|Shares Out. (in M):||702||P/E||8||6.6|
|Market Cap (in $M):||60,000||P/FCF||n/a||n/a|
|Net Debt (in $M):||14,000||EBIT||0||0|
The Celgene / Bristol Myers Squibb deal presents an interesting merger arbitrage opportunity. The deal was announced on 1/3/19 and if it goes through CELG shareholders will receive: 1) $50 in cash 2) 1 BMY share 3) 1 CVR related to Celgene's current drug pipeline.
In terms of the CVR, it could ultimately be worth $9, but could also be worth 0 given it is binary: in order for it to pay-out three drugs need to be approved by specific dates - most market participants think this is a combined 55-70% for each one ^ 3 which gets to a compound probabilty of ~20% so around $2-2.50 in expected value. There is some risk on some of the timelines as they are quite close to Celgene management targets so if they are delayed at all or need to be refiled and miss the deadline, the CVR is worthless (i.e., if even one drug misses the relevant date the CVR is a 0).
The deal has had a fairly wide spread for a deal of this nature given concerns someone would go activist on BMY to try to block the deal given BMY's stock dropped ~12% in response to the deal, and so this presented a big risk for the long CELG / short BMY trade. There were rumors for some time that Starboard had taken a position in BMY, but it was not clear they were necessarily against the CELG deal. There were several news articles and an interview with Jeff Smith and David Faber that hinted they might be against the deal.
The WSJ article also noted that Dodge & Cox is potentially against the deal, though noted this does not necessarily mean they would vote against it.
Wednesday afternoon, Wellington which owns 8% of BMY came out against the deal, noting:
"While Wellington agrees that Bristol-Myers should be active in business development that secures differentiated science and broadens the future revenue base, Wellington does not believe that the Celgene transaction is an attractive path towards accomplishing this goal. Wellington’s conclusion is based upon three tenets: 1) the transaction asks BMY shareholders to accept too much risk and the terms offer BMY shares to CELG shareholders at a price well below implied asset value; 2) execution success could be more difficult to achieve than depicted by Company management; and 3) alternative paths to create value for BMY shareholders could be more attractive."
There is some debate around how big Wellington's actual voting stake is given they noted in their 13D they have voting power over 28.2mm shares vs. their economic stake of 125.7mm shares (2% of shares out and 8% of shares out respectively). The shares that they economically own but do not control the voting for are related to Vanguard mutual funds that Wellington is the investment advisor for. No one knows for sure how these shares will be voted (i.e., if they will vote in-line with other Vanguard or shares, or if Wellington's input will be listened to and they will be voted in-line with Wellington's position).
On Thursday morning, Starboard came out with it's letter stating that they are against the deal, as they feel BMY management has not earned the right to do a bet the farm type deal and they think CELG's patent cliff risk and pipeline risk are not worth the investment. Additionally, they seem to want BMY to put itself up for sale.
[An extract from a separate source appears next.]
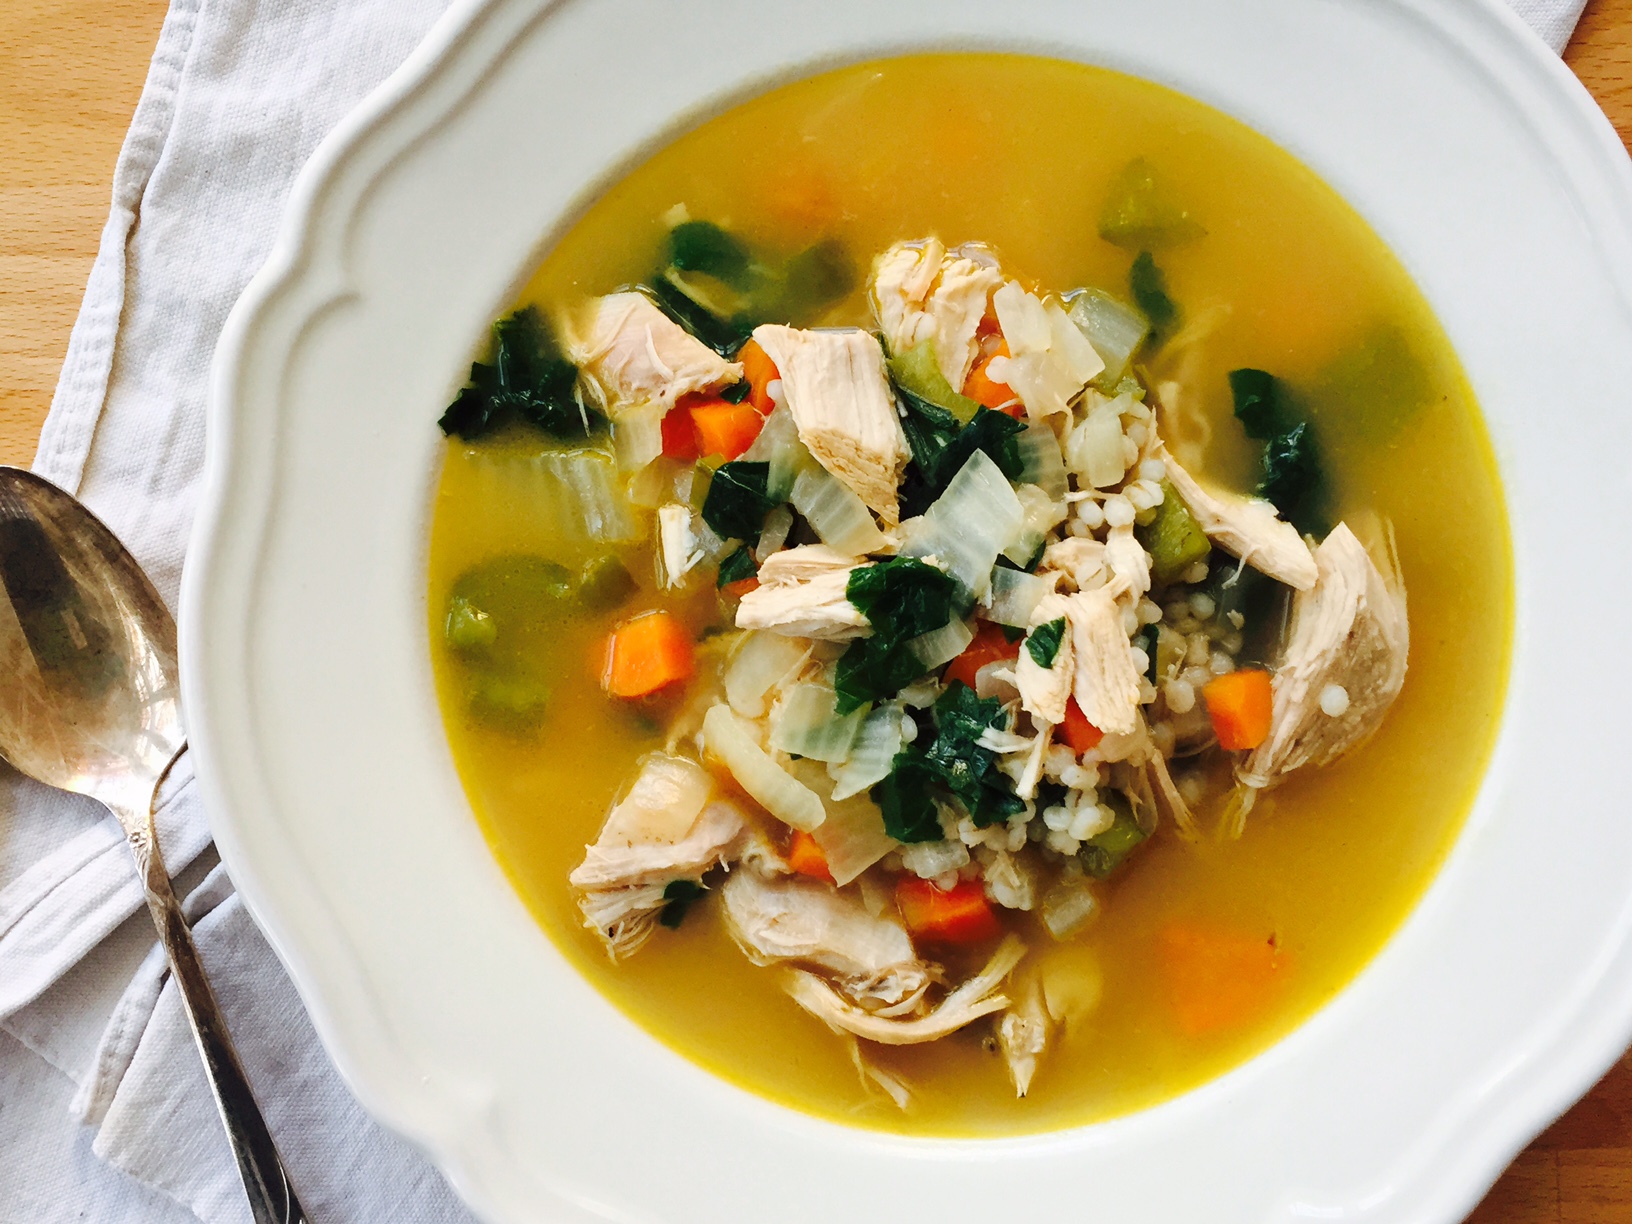 Chicken & Barley Soup with Greens – The Best of Bridge
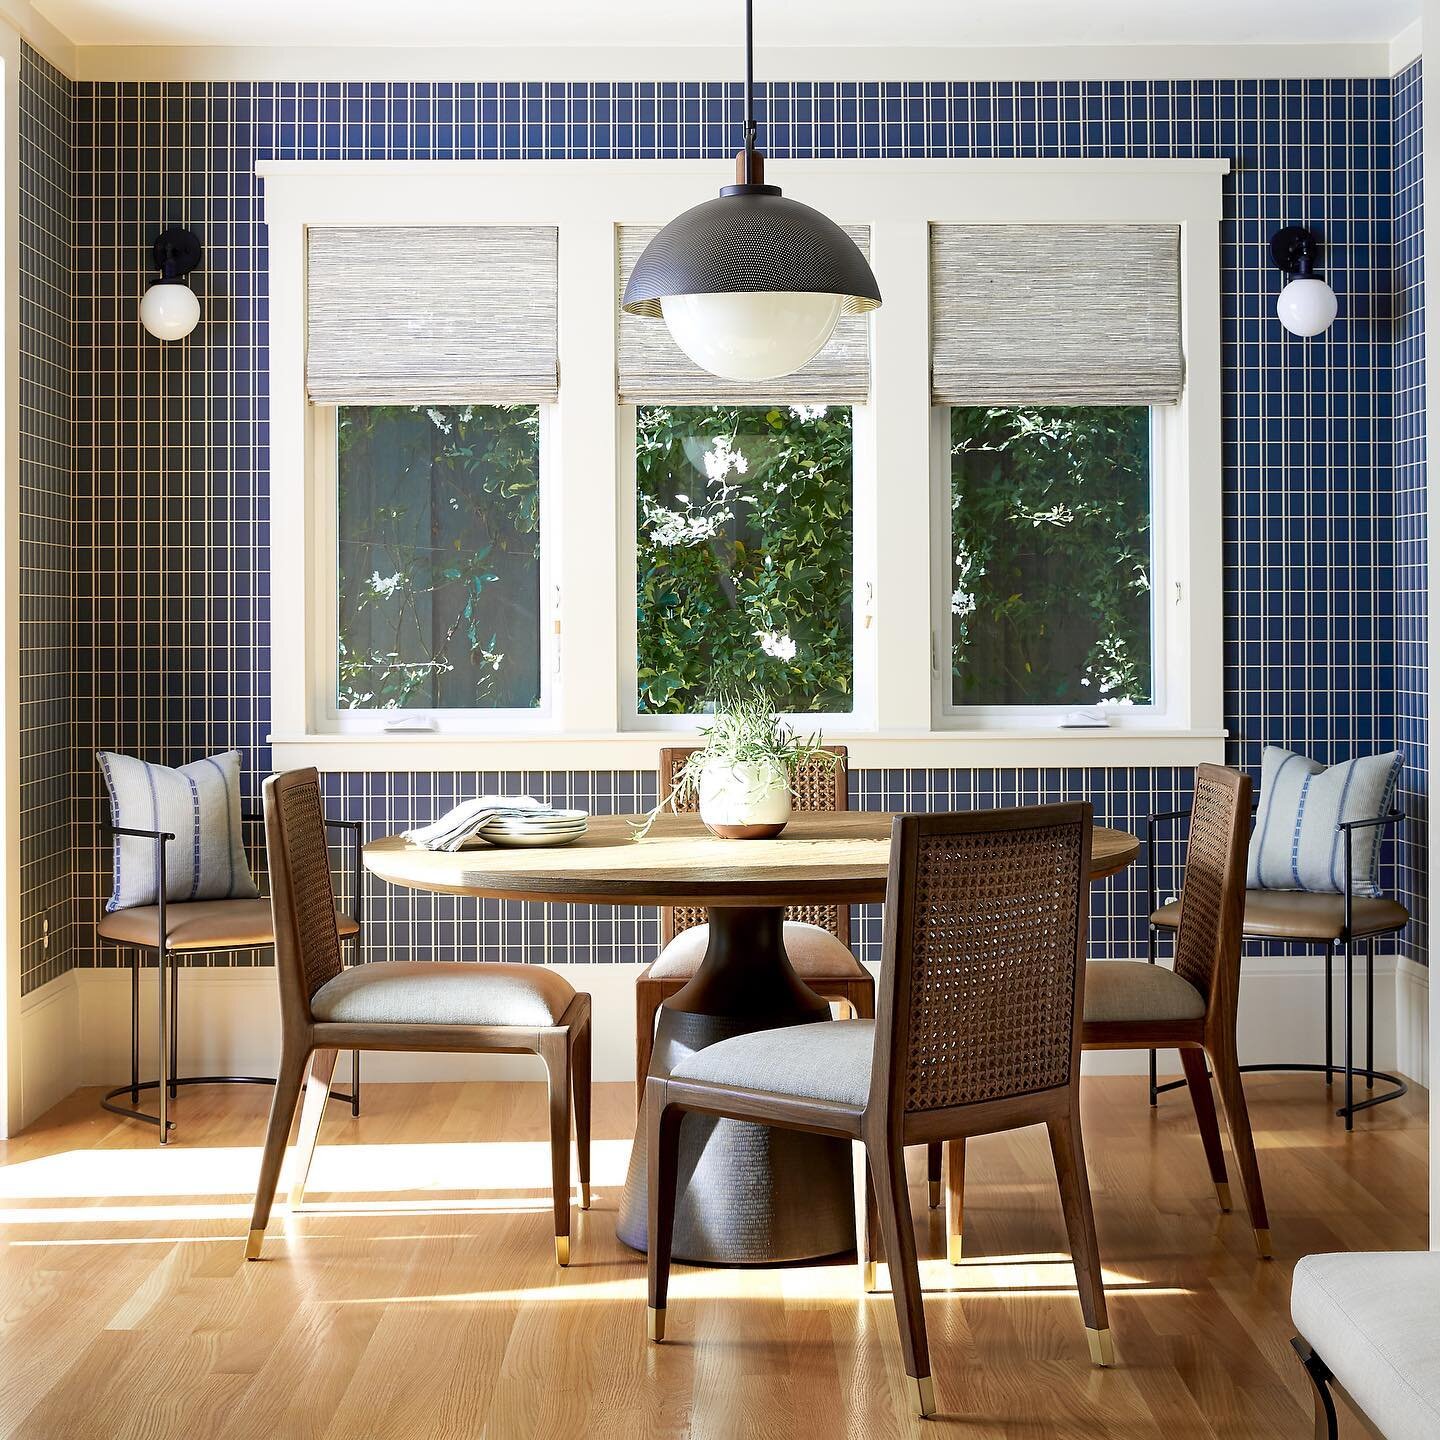 Wow! Thank you so much @homesandgardensuk for the lovely feature! [link in bio]  If I have to pick just one space, this Dining Room is definitely my favorite. I love how the windowpane wallpaper brings interest to the limited wall space, and the comb

The letter is quite odd given it criticizes BMY management and says they have done a bad job, have positioned the company poorly, etc. and then goes on to say that someone might be interested in buying BMY. If BMY's current strategic positioning is so bad, it seems odd that someone else would be desparate to buy BMY - this would set-up much the same as the CELG deal for whatever company would theoretically try to buy BMY. Also, I think it is interesting to think about the strategy behind why BMY wanted to buy CELG in the first place - it seems likely management recognized its own strategic positioning was in a precarious position so they needed a big strategic deal to address this concern - i.e., in a way they need a deal like this because otherwise their own pipeline / patent cliff situation is quite bad.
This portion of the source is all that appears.